Assim, se já tiver ocorrido ovulação ou se o óvulo já tiver sido fecundado, a pílula não impede o desenvolvimento da gravidez.

  1. Quantas vezes posso usar?

Esta pílula só deve ser usada esporadicamente porque tem uma dose hormonal muito alta. Além disso, se a mulher tomar a pílula do dia seguinte mais de uma vez por mês, ela pode perder seu efeito. Por isso, este medicamento só é indicado para situações de emergência e não como método contraceptivo frequente.

  1. A pílula do dia seguinte faz mal?

Esta pílula só faz mal se for usada mais de 2 vezes no mesmo mês, o que aumenta o risco de doenças como câncer de mama, câncer de útero, problemas numa futura gravidez, podendo aumentar também o risco de trombose e de embolia pulmonar, por exemplo.

  1. A pílula do dia seguinte causa infertilidade?

Não existe nenhuma comprovação científica de que o uso esporádico dessa pílula possa causar infertilidade, má formação do feto ou gravidez ectópica.

  1. A pílula do dia seguinte altera o funcionamento do anticoncepcional?

Não, por isso a pílula anticoncepcional deve continuar sendo tomada regularmente, no horário habitual, até o final da cartela. Após o fim da cartela deve esperar que a menstruação desça e no caso de a menstruação não descer, deve consultar o ginecologista.
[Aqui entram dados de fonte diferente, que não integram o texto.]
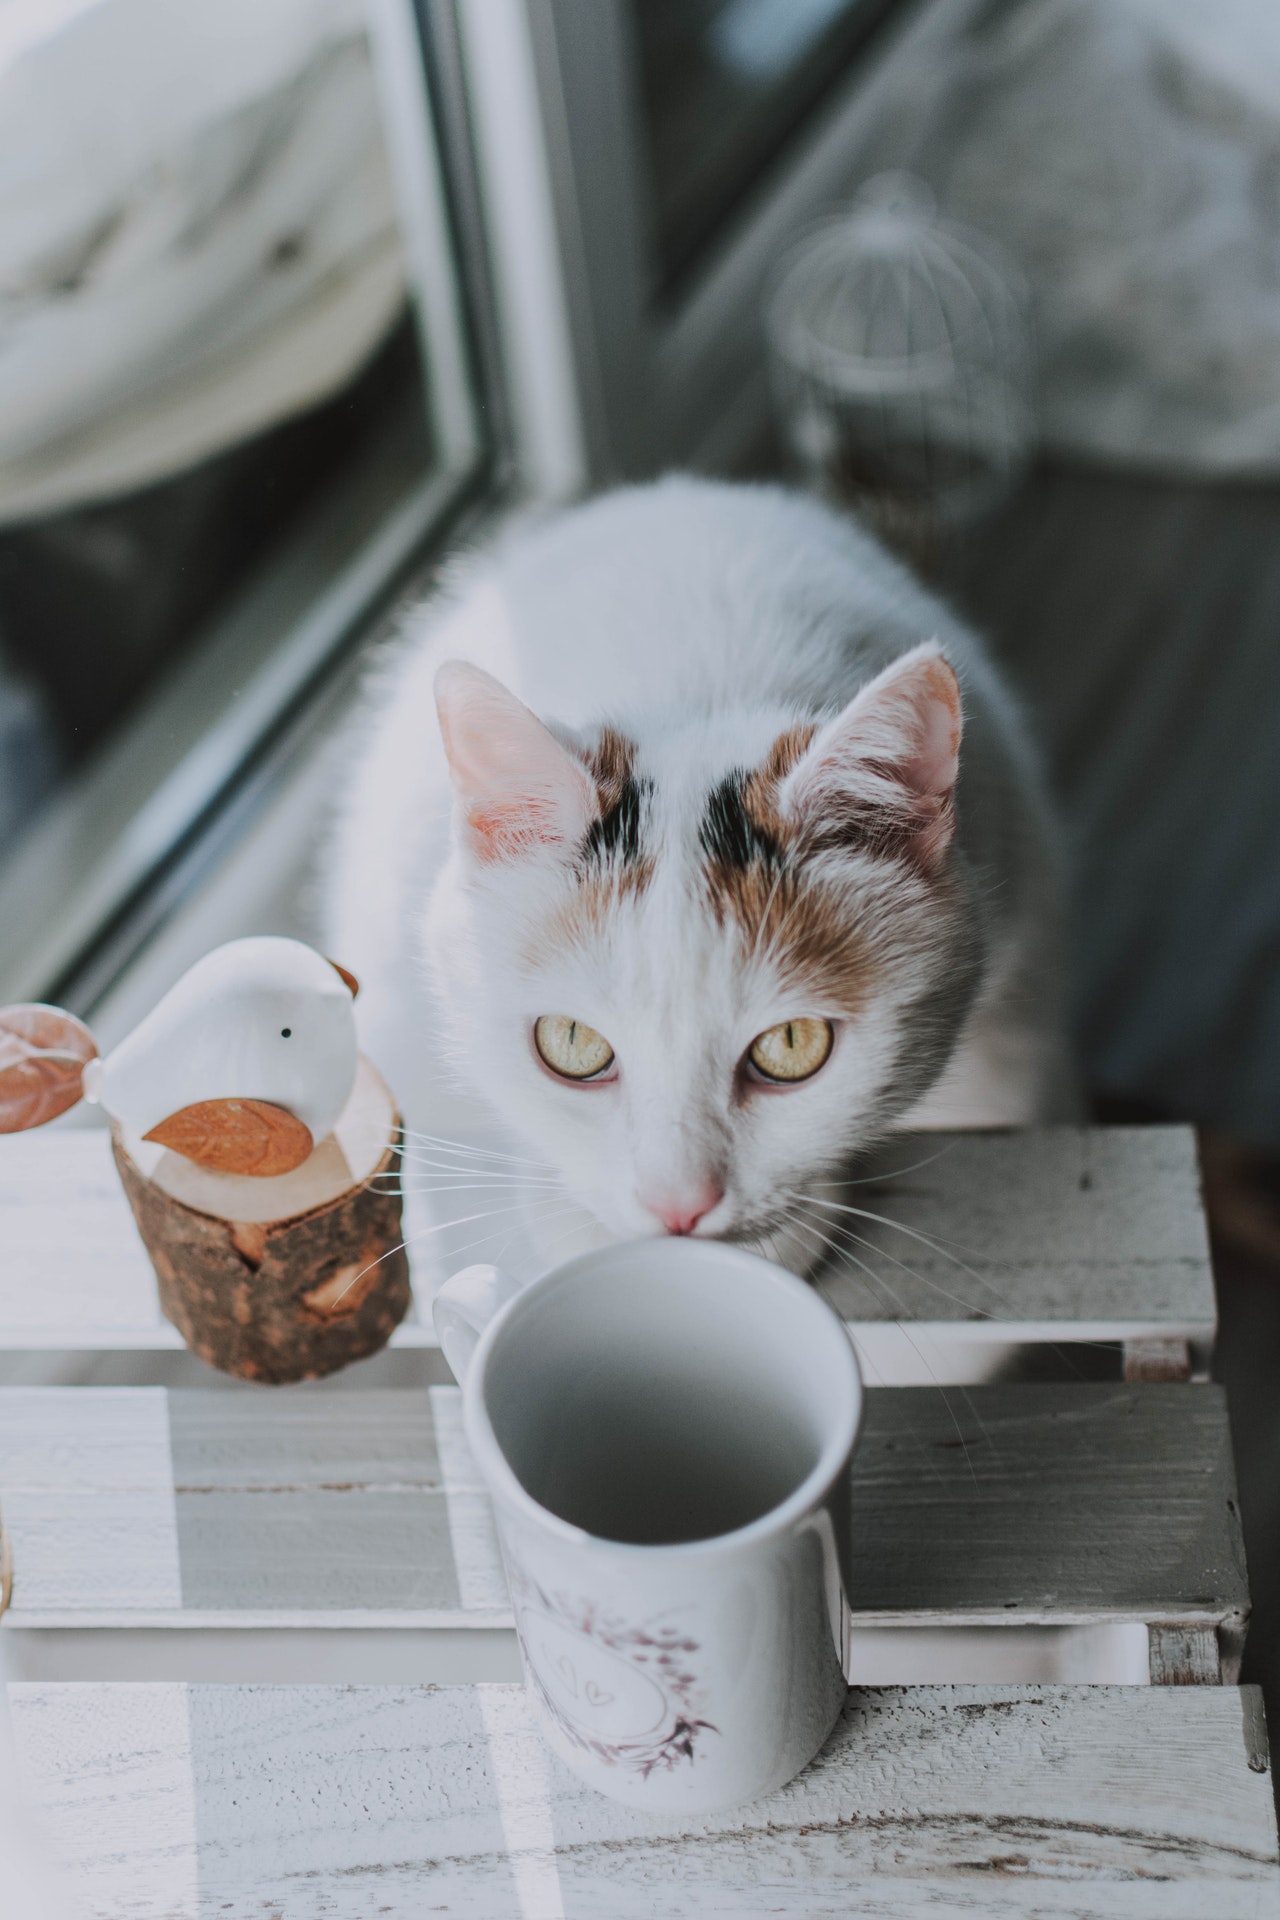 Cat looking at a coffee mug

  1. A pílula do dia seguinte funciona no período fértil?

O período fértil é o momento do ciclo menstrual em que há maior probabilidade de ocorrer fecundação. Este período começa cerca de  72 horas antes da ovulação, que é o tempo médio de vida de um espermatozoide, e acaba cerca de 24 horas depois, que é o tempo médio de vida de um óvulo.

  1. A pílula do dia seguinte faz efeito caso ocorram relações sexuais desprotegidas posteriores à toma?
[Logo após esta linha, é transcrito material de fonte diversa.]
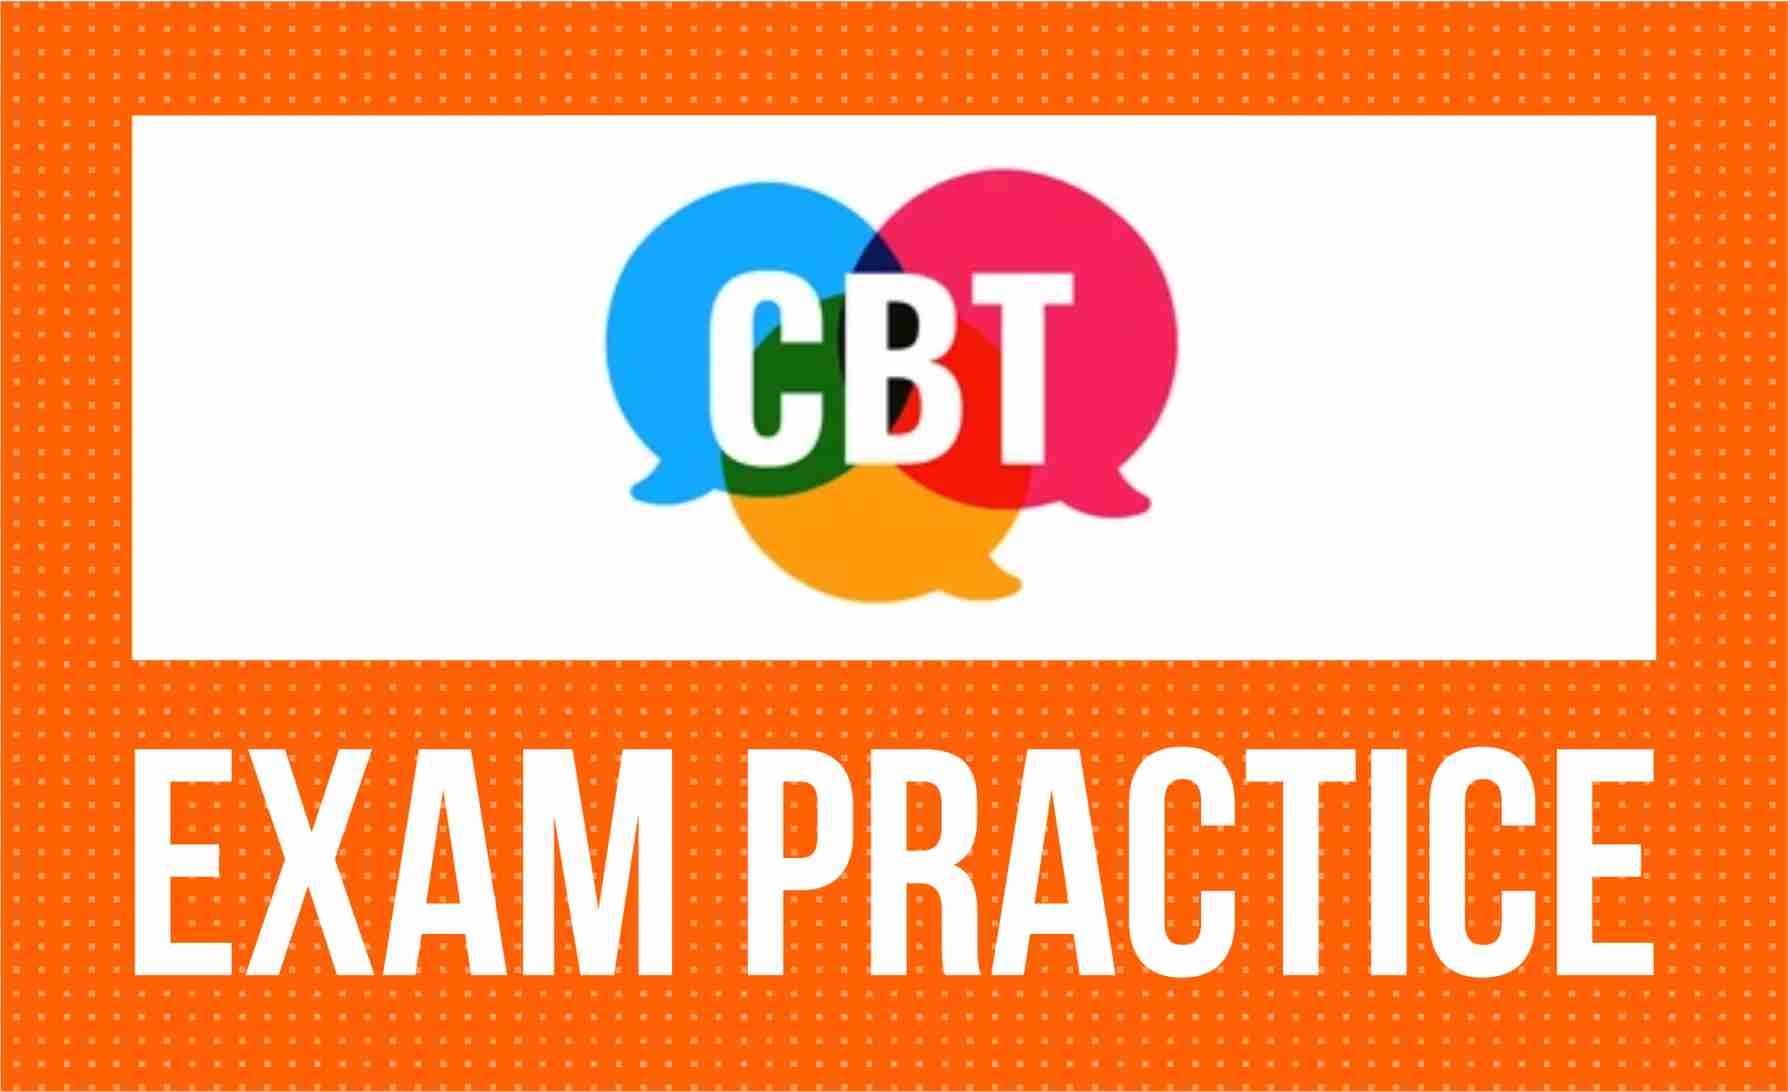 CBT Exam

Não. A pílula do dia seguinte não é um método contraceptivo e apenas deve ser tomada em situações de emergência. Caso a pessoa já tenha tomado uma pílula do dia seguinte, como método de emergência, e no dia a seguir à toma tiver relações sexuais desprotegidas, existe o risco de engravidar.

O ideal é que a mulher converse com o seu ginecologista e comece a tomar um anticoncepcional.